Visualization of the top 10 countries base on the selected factor.

The Calculation is based on average for PC_HEALTHXP, average for PC_GDP, average for USD_CAP, and sum of TOTAL_SPEND for each country.

In [44]:
import pandas as pd
import plotly.express as px
from ipywidgets import interact


# Exclude specific countries
excluded_countries = ['RUS', 'TUR', 'GBR', 'NZL', 'ISR']

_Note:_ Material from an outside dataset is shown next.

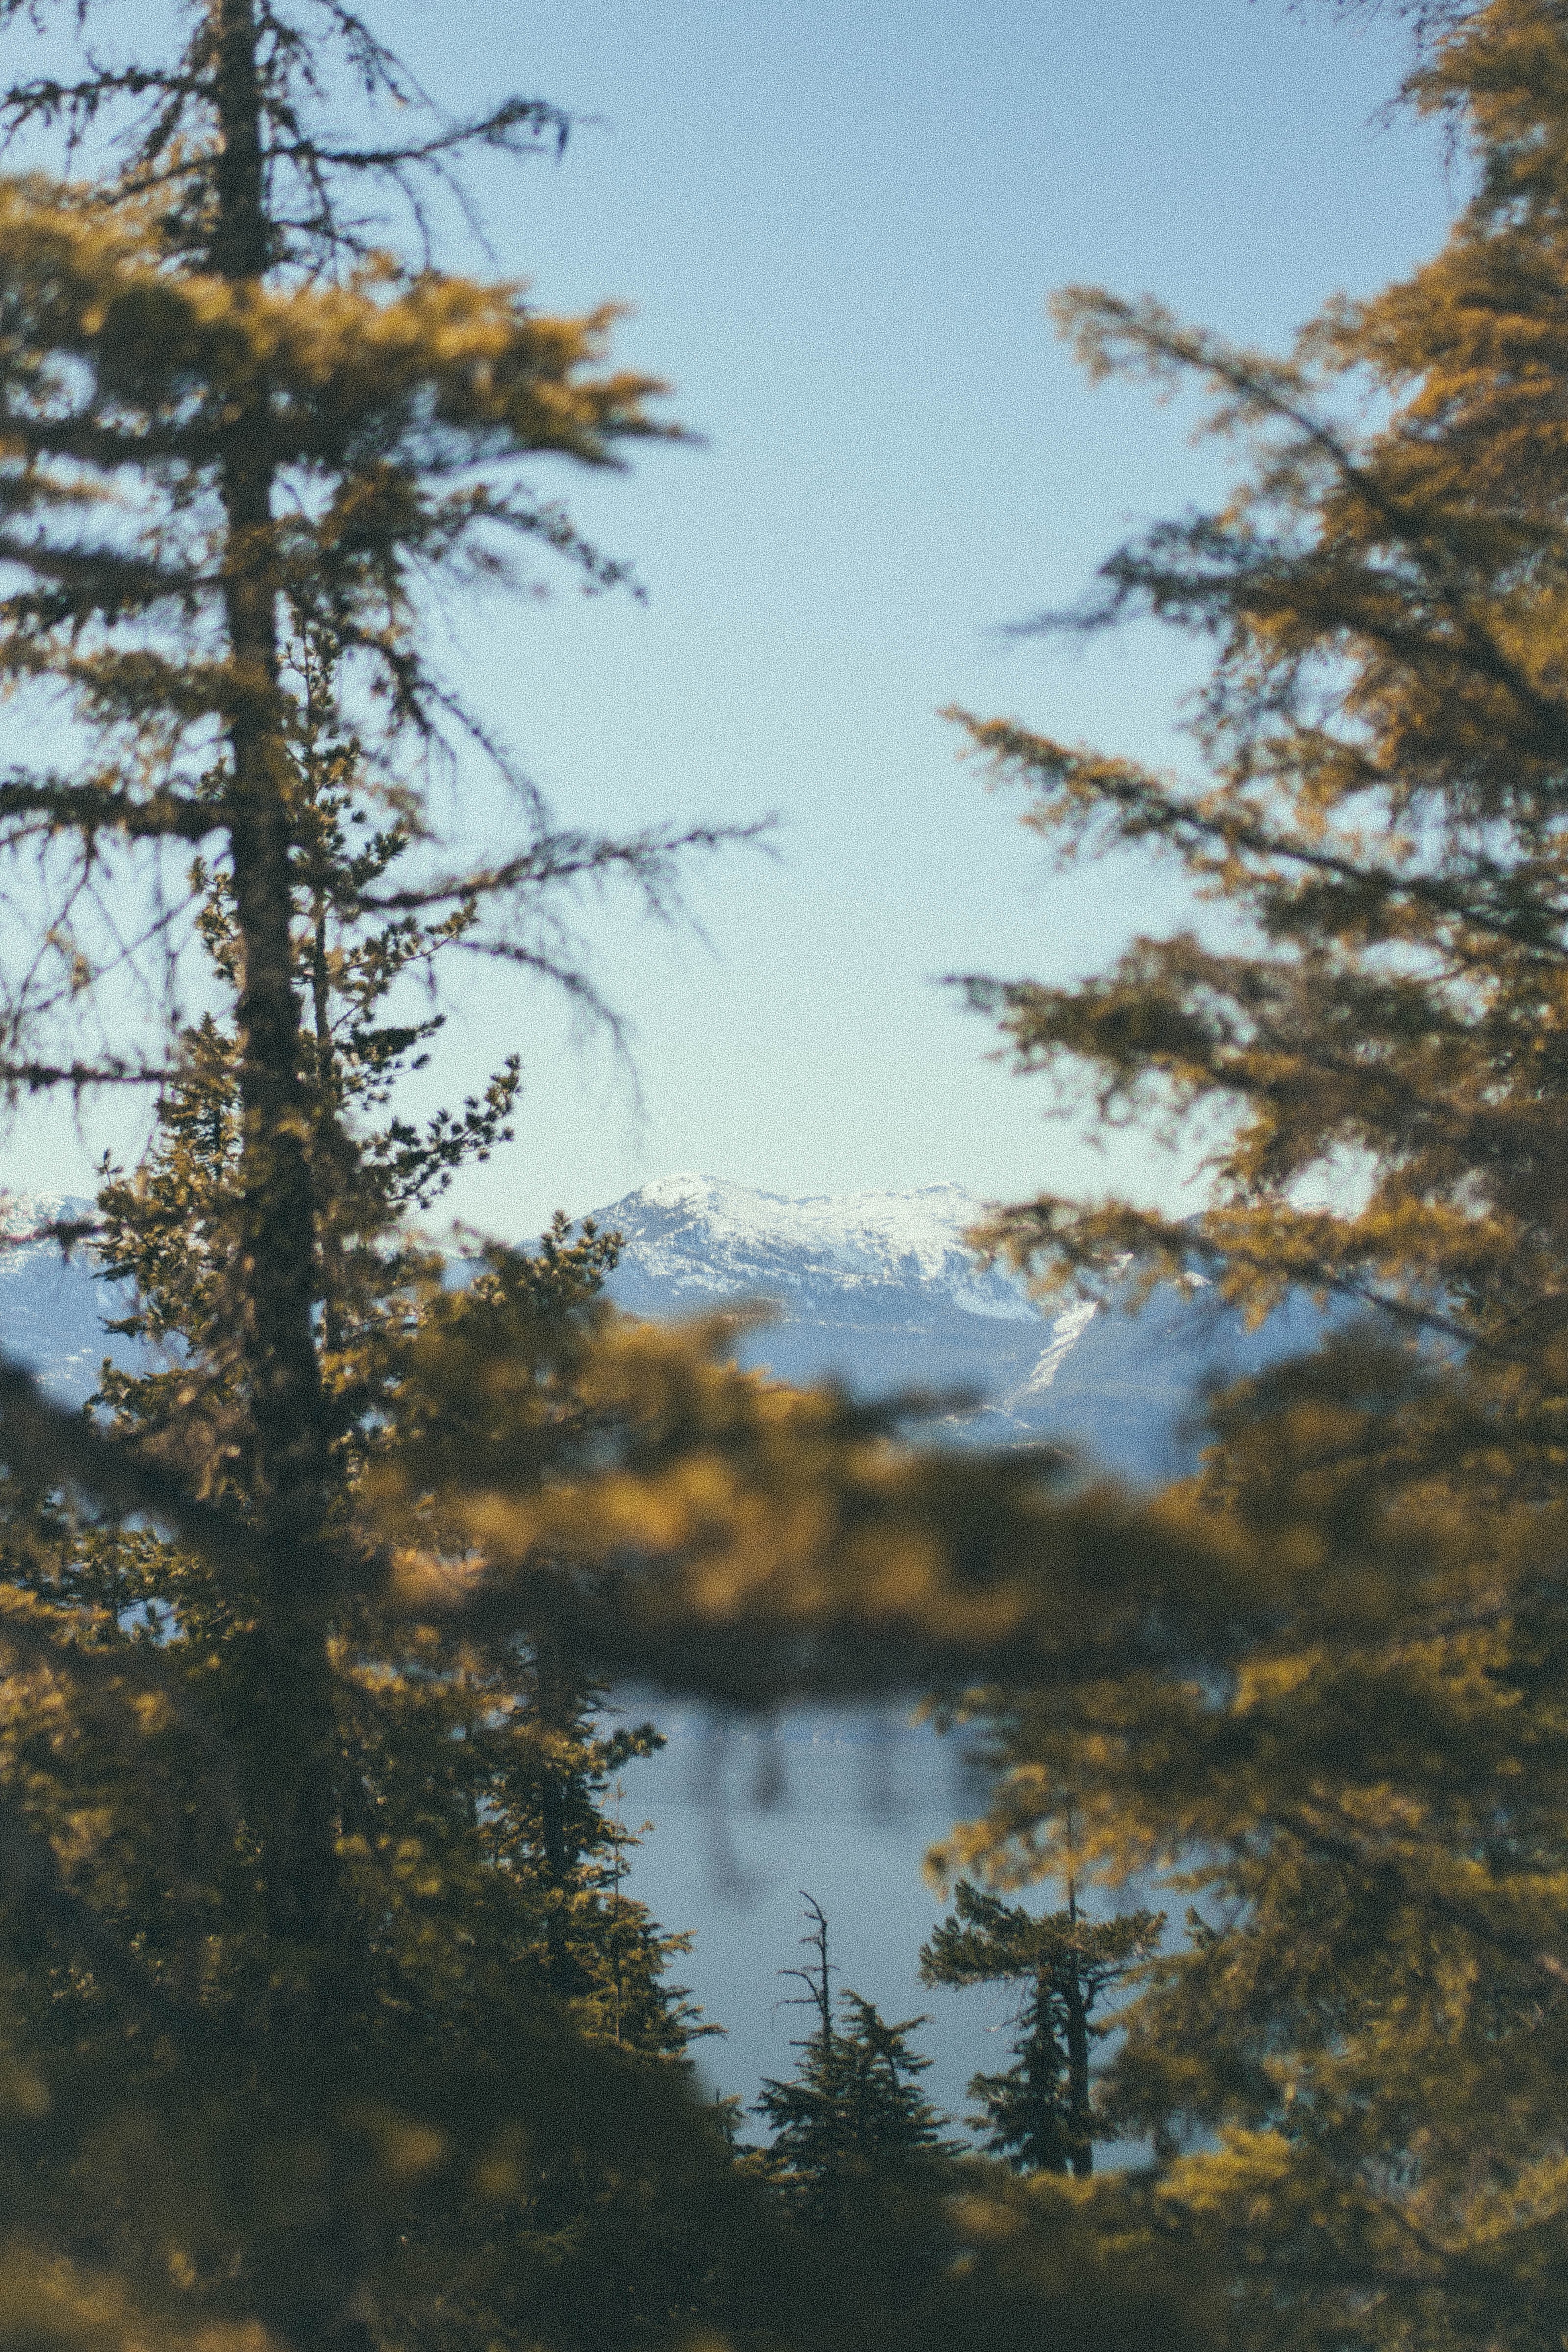 Peering through two trees looking at Whistler Mountain

# Filter data for years 2005 to 2015 based on 'TIME' as the year
filtered_data = df[(df['TIME'] >= 2005) & (df['TIME'] <= 2015) & (~df['LOCATION'].isin(excluded_countries))]

# Group by 'LOCATION' and calculate the mean for specific columns and sum for TOTAL_SPEND
aggregated_data = filtered_data.groupby('LOCATION').agg(
    PC_HEALTHXP=('PC_HEALTHXP', 'mean'),
    PC_GDP=('PC_GDP', 'mean'),
    USD_CAP=('USD_CAP', 'mean'),
    TOTAL_SPEND=('TOTAL_SPEND', 'sum')
)

# Sort by USD_CAP to get the top 10 countries
top_10 = aggregated_data.sort_values(by='USD_CAP', ascending=False).head(10).reset_index()

# Function to plot dynamic graphs
def plot_top_10(column='USD_CAP'):
    fig = px.bar(
        top_10,
        x='LOCATION',
        y=column,
        title=f'Top 10 Countries by {column}',
        labels={'LOCATION': 'Country', column: column},
        text=column
    )
    fig.update_traces(texttemplate='%{text:.2f}', textposition='outside')
    fig.update_layout(yaxis_title=column, xaxis_title='Country', showlegend=False)
    fig.show()

# Create an interactive widget for selecting columns
interact(plot_top_10, column=['PC_HEALTHXP', 'PC_GDP', 'USD_CAP', 'TOTAL_SPEND'])


interactive(children=(Dropdown(description='column', index=2, options=('PC_HEALTHXP', 'PC_GDP', 'USD_CAP', 'TO…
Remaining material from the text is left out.